Gemma 4's 3x Speed Boost: What MTP Drafters Mean for On-Device AI
What Google Just Shipped
Google published Multi-Token Prediction (MTP) drafter companion models for Gemma 4, delivering up to 3x faster on-device AI inference with no quality degradation. The models shipped on May 5, authored by Google’s product and developer relations team. If the numbers hold in production, this is the most meaningful throughput improvement for on-device inference in the past two years.
The goal is explicit: make local inference fast enough that AI features no longer require a round-trip to the cloud.
Why LLM Inference Hits a Memory Wall
Standard LLM generation has a bottleneck that is easy to overlook: it is not compute-bound, it is memory-bandwidth bound. The processor — whether a desktop GPU, a cloud TPU, or a mobile NPU — spends most of its time moving model weights from memory to compute units, not doing arithmetic. For small batch sizes, which is the common case for single-user on-device inference, the hardware sits largely idle waiting on memory transfers.
This is part of why a 4B-parameter model does not feel 4x faster than a 16B model: fewer parameters means fewer bytes to move per token, so the throughput improvement is real, but the memory-bandwidth ceiling keeps latency high for all autoregressive models.
The other problem is serialization. Standard token generation is sequential by design: to generate token N+1, you must have token N. You cannot parallelize across the token axis at inference time. Every output token requires a full pass through the weight matrix — one more memory transfer, one more latency cycle.

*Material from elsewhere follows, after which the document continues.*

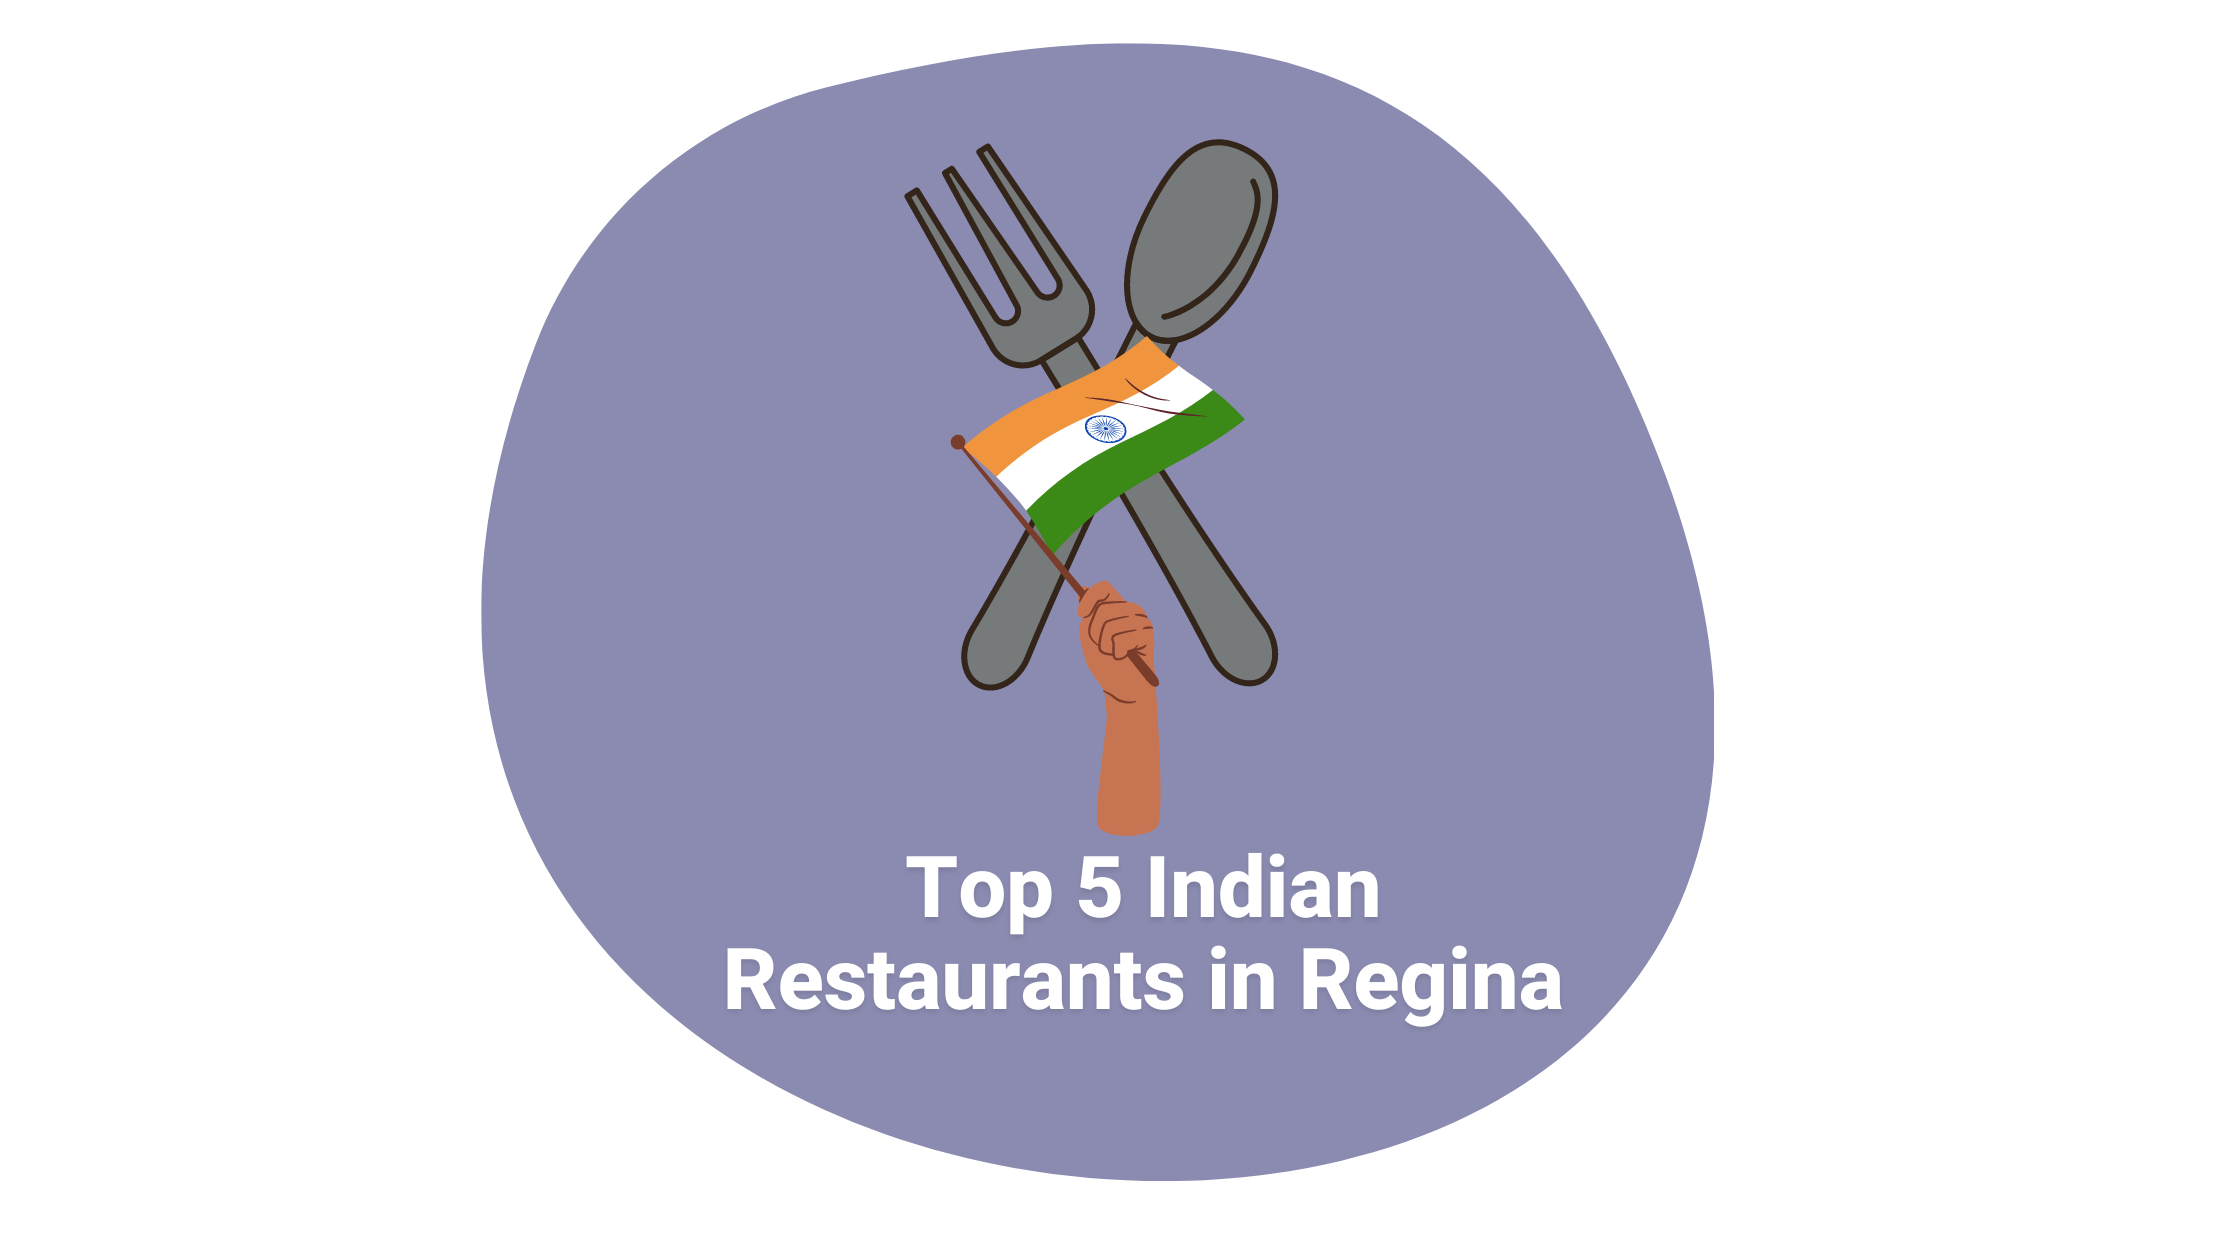 Top 5 Indian Restaurants in Regina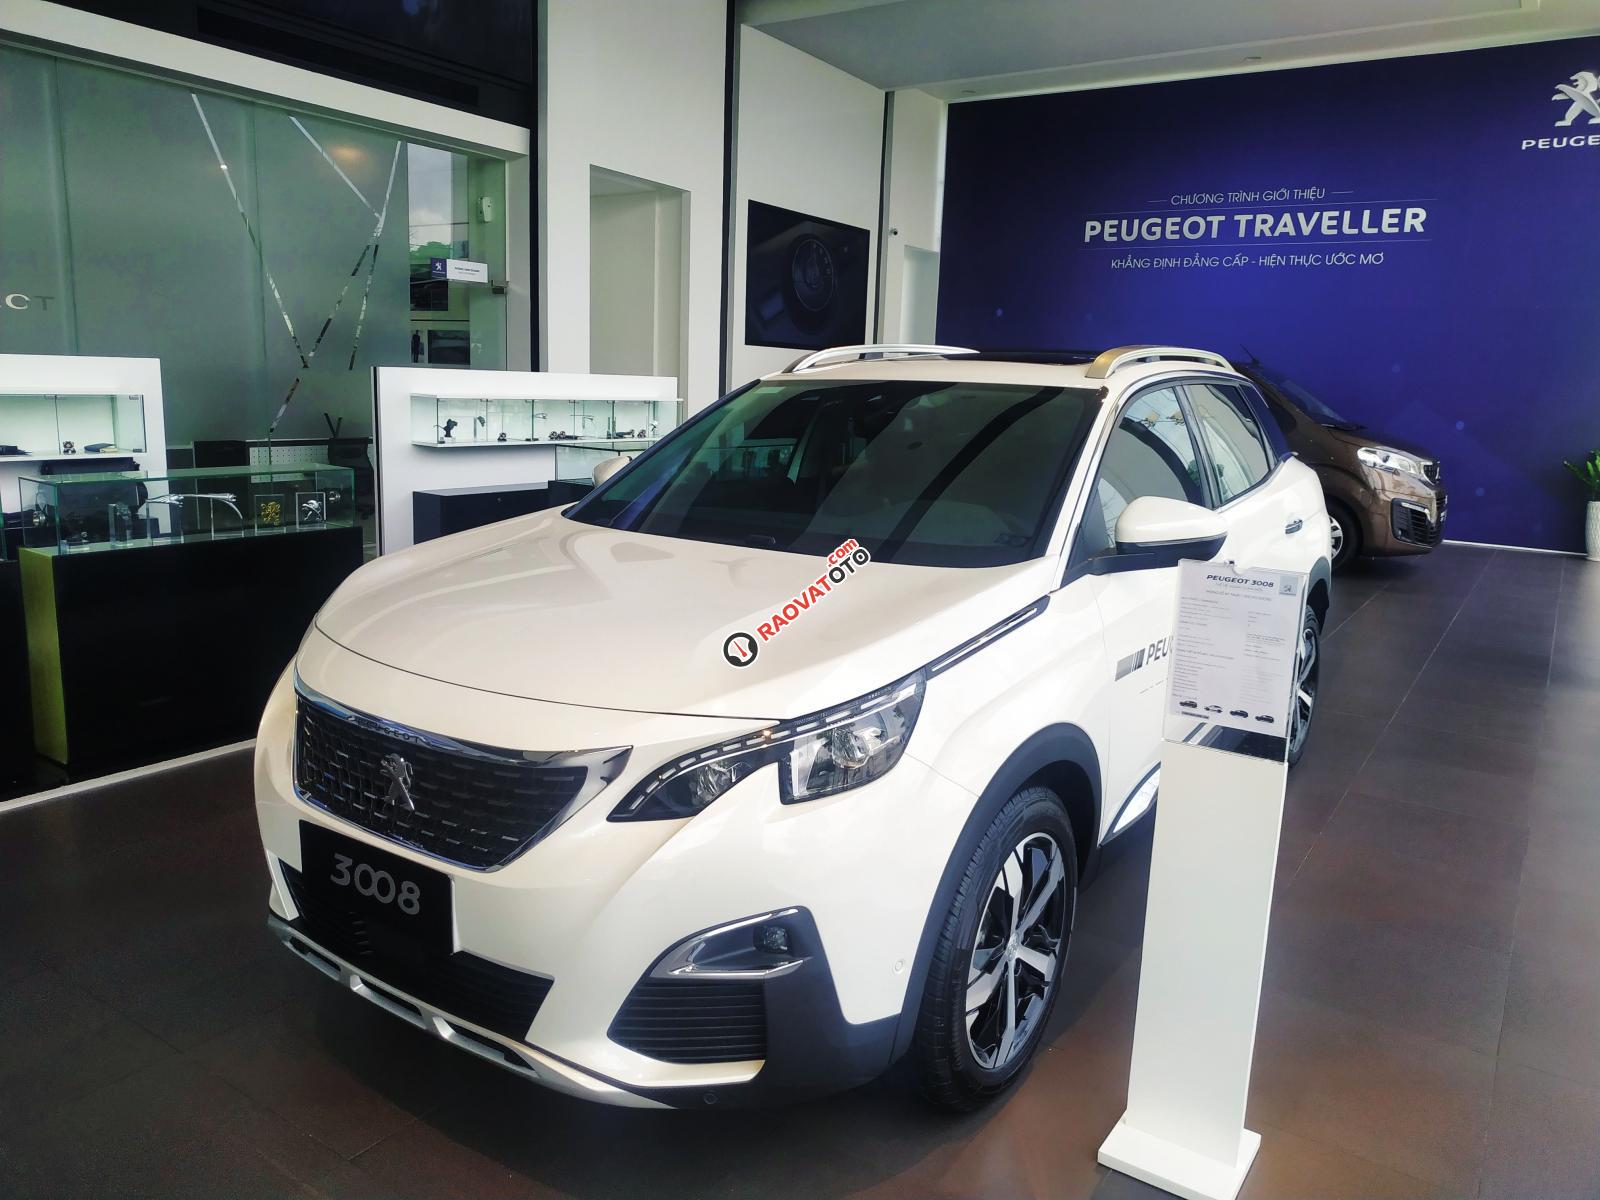 Cần bán xe Peugeot 5008 1.6AT đời 2019 new 100%, màu trắng, giá chỉ 1 tỷ 349 triệu đồng-3

How Speculative Decoding Breaks the Bottleneck
Speculative decoding exploits a fundamental asymmetry: verification is parallelizable, generation is not.
The approach works like this. A small, fast draft model generates the next N tokens in sequence — cheap, because the model is tiny. Then the large model, Gemma 4, verifies the entire batch of N draft tokens in a single forward pass instead of N separate passes. If the large model agrees with the first four draft tokens but rejects the fifth, it accepts those four and resamples from the fifth. The output is four tokens for the cost of roughly one large-model verification pass.
The expected speedup scales with the drafter’s acceptance rate. If the draft model predicts correctly 80% of the time, you are getting close to N effective tokens per verification cycle. When the draft is wrong, the large model’s correction produces the same result that standard sequential generation would have, so no tokens are wasted — only the rejected draft computation was, and that was cheap.
MTP Drafters: Google’s Implementation
Google’s drafter models use Multi-Token Prediction as a training objective — the model is trained to predict several future tokens simultaneously in a single forward pass, rather than optimizing only next-token accuracy. This makes them structurally better drafters than a standard language model of equivalent size, because they learn to anticipate token sequences rather than greedily predict the next token in isolation.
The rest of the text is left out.